Hi, Am very new to using a cnc router. I want to make simple items from vector art. I have purchased a sainsmart mx3 router which came with Drufel CNC. I also bought Cut 2D software. Its easy to use (or so I think) but I can seem to get the output file that works with Drufel. What am I doing wrong? Also, can you recommend resources to learn?

Thank for you insight.


----------



## old55 (Aug 11, 2013)

Welcome to the forum.


----------



## difalkner (Jan 3, 2012)

Welcome to the forum, Ron! Add your first name to your profile to clear the N/a in the side panel.

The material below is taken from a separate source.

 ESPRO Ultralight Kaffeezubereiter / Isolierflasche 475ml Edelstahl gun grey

My first guess is that you may not be using the correct post processor in your software. Using your software are you able to manually move the XYZ axes?

David


----------



## roxanne562001 (Feb 5, 2012)

Welcome to the forum


----------



## MoHawk (Dec 8, 2013)

Welcome to the forum and Happy Routing!


----------



## DesertRatTom (Jul 3, 2012)

Glad you chose to join the fun. We have one member who has written a couple of books for those new to CNC. He goes by Gaffboat here, but his books are under Prof. Henry, the name of his company. His signs and work are phenominal. Here are pix of the two books. I recommend both. Short and direct, they are an easy read.

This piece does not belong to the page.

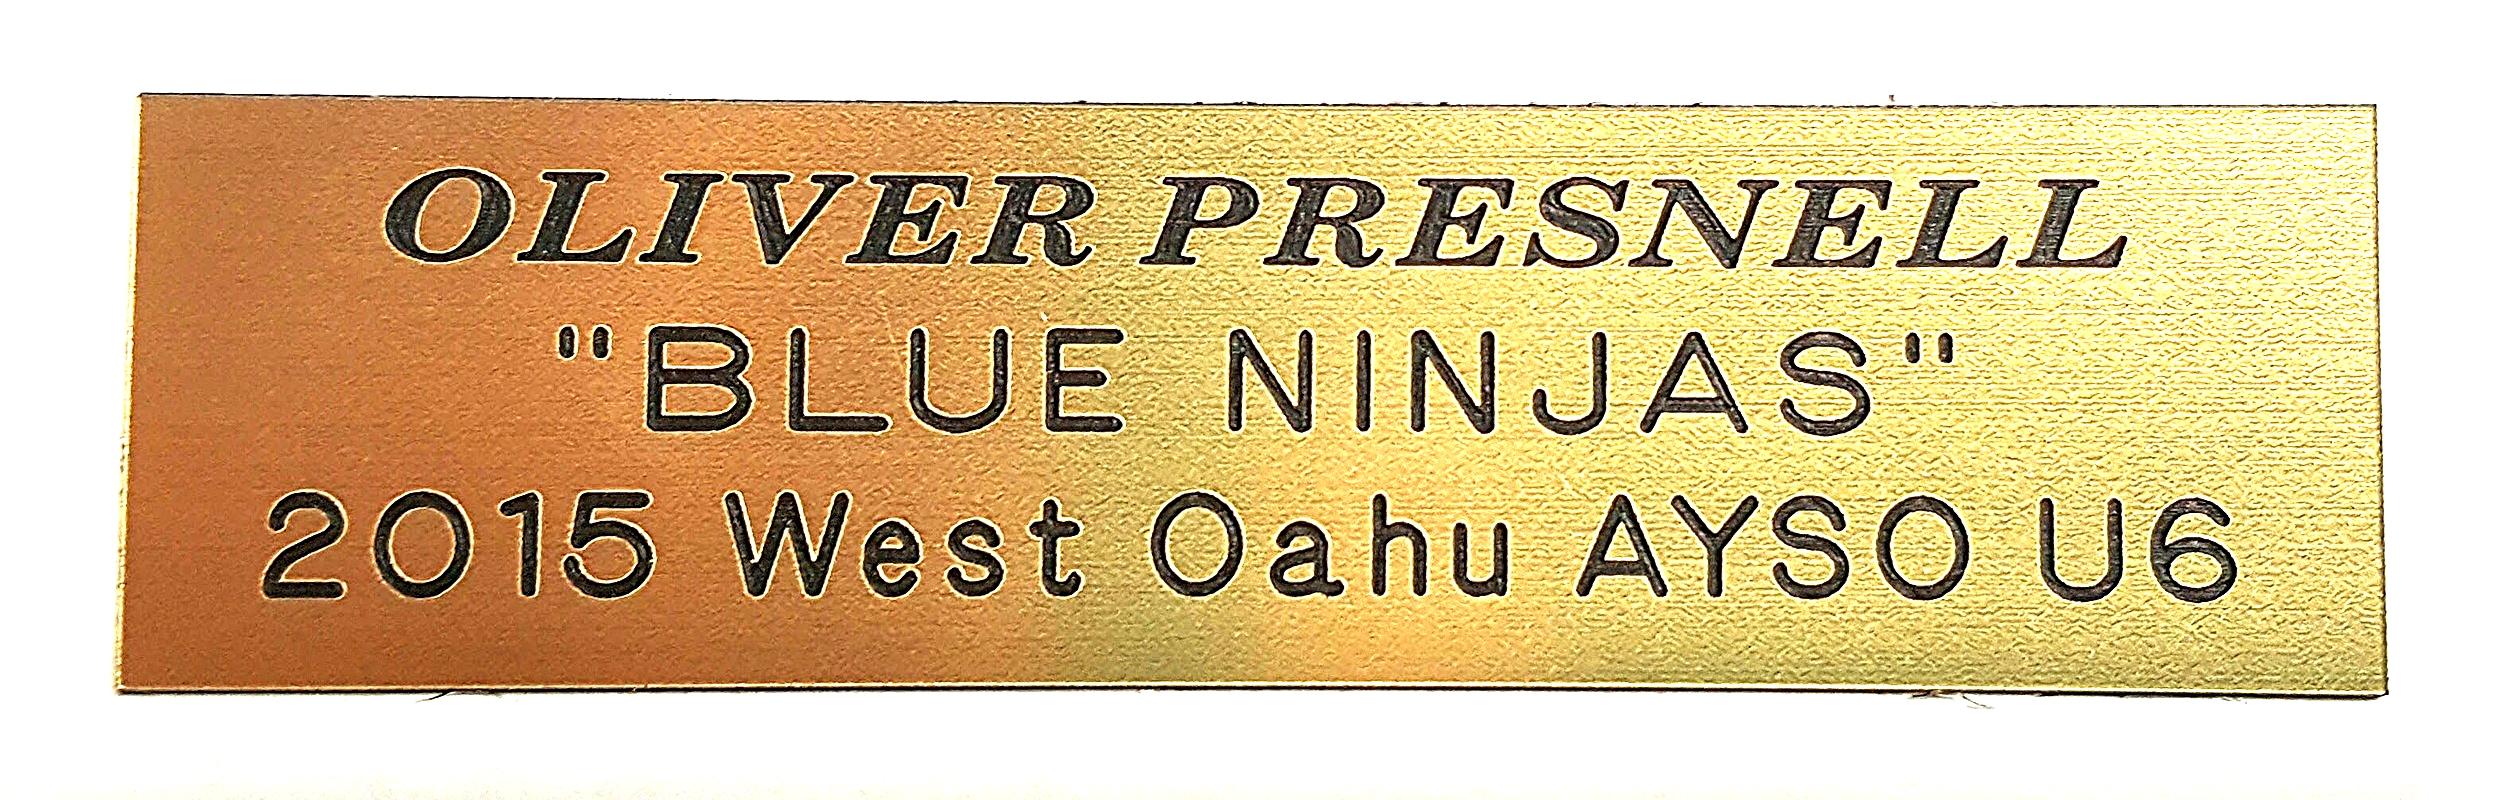 Trophy Engraving Plate Sample

There are several others here who are making money with their CNCs. And finally, attached is a pdf I wrote on making a living with your CNC, although you'll want to get up to speed and make some stuff to get some experience. One of our members is Polish and started making plaques with the unique Polish eagle on it and room for the family name. Gaffboat makes the most professional plaques and signs for commercial business. Look through his book and you'll see gorgeous designs and finished work. There are others here who are getting very good at CNC and can steer you straight.

The pdf is below the pictures.


----------



## MEBCWD (Jan 14, 2012)

Welcome to the Router Forums.

Here is the link to the software site for your control software https://drufelcnc.com/

I suggest you watch the tutorials. Looks like your control software is actually used to generate the gcode so you could do your drawings in Cut 2D then export the file in vector format so it can be imported into DrufelCNC to generate gcode.

I also suggest contacting Vectric and ask them to produce a post processor for your machine so you can just do a direct save of the toolpaths.


----------



## MEBCWD (Jan 14, 2012)

The Sainsmart mx3 can also run using Mach3, free up to 500 lines of code, $175 for the full version. 

Of course, the DurfelCNC that you got with the unit is probably the free version so it will be limited to 500 lines of code unless you upgrade to the full version for $50.00.

OKAY. I did some more looking and on their site they do provide the Vectric post processor for DurfelCNC control software, here it is, download this file, un-zip and install it in the My_PostP folder for your Cut 2D software.


----------



## MT Stringer (Aug 15, 2012)

MEBCWD said:


> The Sainsmart mx3 can also run using Mach3, free up to 500 lines of code, $175 for the full version.
> 
> Of course, the DurfelCNC that you got with the unit is probably the free version so it will be limited to 500 lines of code unless you upgrade to the full version for $50.00.
> 
> OKAY. I did some more looking and on their site they do provide the Vectric post processor here it is, download this file, un-zip and install it in the My_PostP folder for your Cut 2D software.


Good job Mike. I know he will appreciate your research.


----------



## MT Stringer (Aug 15, 2012)

To add to Mike's post, I think you will have to create a folder called "My_PostP", and install your file in it. I did this and it is way easier to find your post processor so you don't have to scroll through all the other post processors just to find the only one you use.

Look at my screen shot. You can see the path to the folder. I have a couple of PP in the folder because I use more than one x,y coordinates for zero. I think the second one is for center of the project, and the other one is for x,y zero to the bottom left corner of the project, or something like that.

Hope this helps.


----------



## marecat3 (Nov 30, 2010)

Welcome to the forum


----------



## MEBCWD (Jan 14, 2012)

A quick way to install that post processor after you unzip it is to right-click on the file and select Copy, then open Cut 2D, click File, select Open Application Data Folder, double click on My_PostP to open it, then right-click in the open part of the folder, select paste.


----------